- Location of Boyd, Minnesota
- Coordinates: 44°51′04″N 95°54′03″W﻿ / ﻿44.85111°N 95.90083°W
- Country: United States
- State: Minnesota
- County: Lac qui Parle

Area
- • Total: 0.51 sq mi (1.32 km^{2})
- • Land: 0.51 sq mi (1.32 km^{2})
- • Water: 0 sq mi (0.00 km^{2})
- Elevation: 1,050 ft (320 m)

Population (2020)
- • Total: 141
- • Density: 275.9/sq mi (106.53/km^{2})
- Time zone: UTC-6 (Central (CST))
- • Summer (DST): UTC-5 (CDT)
- ZIP code: 56218
- Area code: 320
- FIPS code: 27-07138
- GNIS feature ID: 2394232
- Website: www.cityofboydminnesota.com

= Boyd, Minnesota =

City in Minnesota, United States

Boyd is a city in Lac qui Parle County, Minnesota, United States. The population was 141 at the 2020 census.

==History==
Boyd was platted in 1884. A post office has been in operation at Boyd since 1884. The city was incorporated in 1893.

==Geography==
According to the United States Census Bureau, the city has a total area of 0.52 sqmi, all land.

==Demographics==

Historical population
| Census | Pop. | Note | %± |
| 1900 | 335 |  | — |
| 1910 | 431 |  | 28.7% |
| 1920 | 549 |  | 27.4% |
| 1930 | 449 |  | −18.2% |
| 1940 | 523 |  | 16.5% |
| 1950 | 496 |  | −5.2% |
| 1960 | 419 |  | −15.5% |
| 1970 | 311 |  | −25.8% |
| 1980 | 329 |  | 5.8% |
| 1990 | 251 |  | −23.7% |
| 2000 | 210 |  | −16.3% |
| 2010 | 175 |  | −16.7% |
| 2020 | 141 |  | −19.4% |
U.S. Decennial Census

===2010 census===
As of the census of 2010, there were 175 people, 88 households, and 43 families living in the city. The population density was 336.5 PD/sqmi. There were 114 housing units at an average density of 219.2 /sqmi. The racial makeup of the city was 94.9% White, 0.6% Asian, and 4.6% from other races. Hispanic or Latino of any race were 4.6% of the population.

There were 88 households, of which 17.0% had children under the age of 18 living with them, 37.5% were married couples living together, 4.5% had a female householder with no husband present, 6.8% had a male householder with no wife present, and 51.1% were non-families. 43.2% of all households were made up of individuals, and 17% had someone living alone who was 65 years of age or older. The average household size was 1.99 and the average family size was 2.63.
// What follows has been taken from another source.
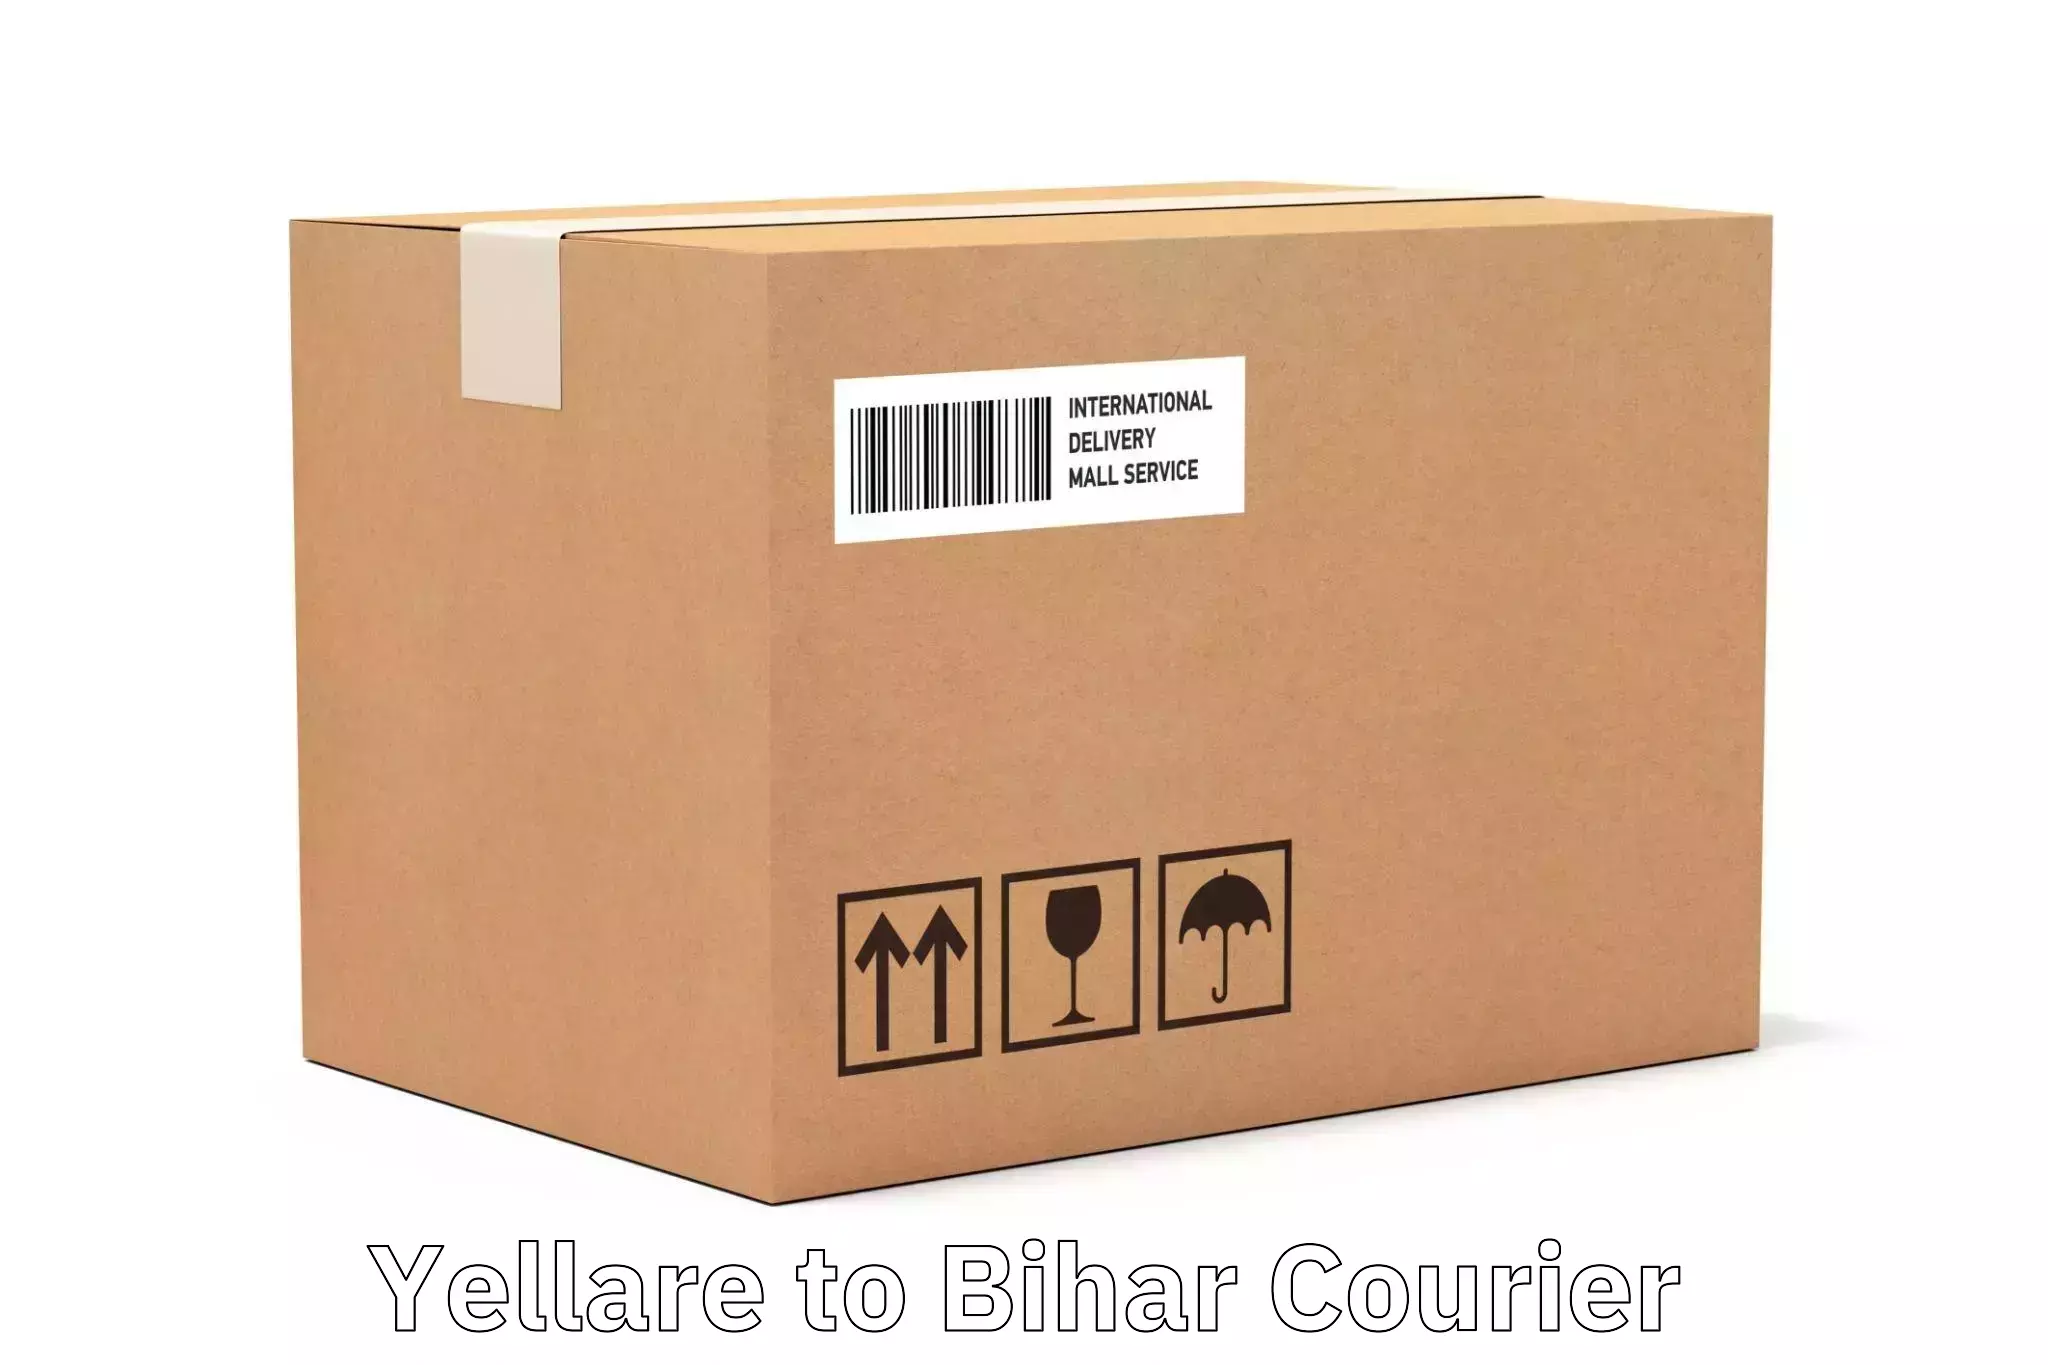 International courier rates Yellare to Lakhisarai

The median age in the city was 49.2 years. 17.7% of residents were under the age of 18; 7.4% were between the ages of 18 and 24; 19.4% were from 25 to 44; 34.9% were from 45 to 64; and 20.6% were 65 years of age or older. The gender makeup of the city was 56.0% male and 44.0% female.

===2000 census===
As of the census of 2000, there were 210 people, 100 households, and 52 families living in the city. The population density was 393.5 PD/sqmi. There were 116 housing units at an average density of 217.4 /sqmi. The racial makeup of the city was 97.62% White, 1.43% Native American and 0.95% Asian.

There were 100 households, out of which 18.0% had children under the age of 18 living with them, 42.0% were married couples living together, 7.0% had a female householder with no husband present, and 48.0% were non-families. 39.0% of all households were made up of individuals, and 16.0% had someone living alone who was 65 years of age or older. The average household size was 2.10 and the average family size was 2.88.

In the city, the population was spread out, with 19.0% under the age of 18, 8.1% from 18 to 24, 30.5% from 25 to 44, 27.1% from 45 to 64, and 15.2% who were 65 years of age or older. The median age was 42 years. For every 100 females, there were 103.9 males. For every 100 females age 18 and over, there were 107.3 males.

The median income for a household in the city was $30,625, and the median income for a family was $41,500. Males had a median income of $21,591 versus $17,955 for females. The per capita income for the city was $16,917. About 4.0% of families and 6.8% of the population were below the poverty line, including none of those under the age of eighteen and 5.4% of those 65 or over.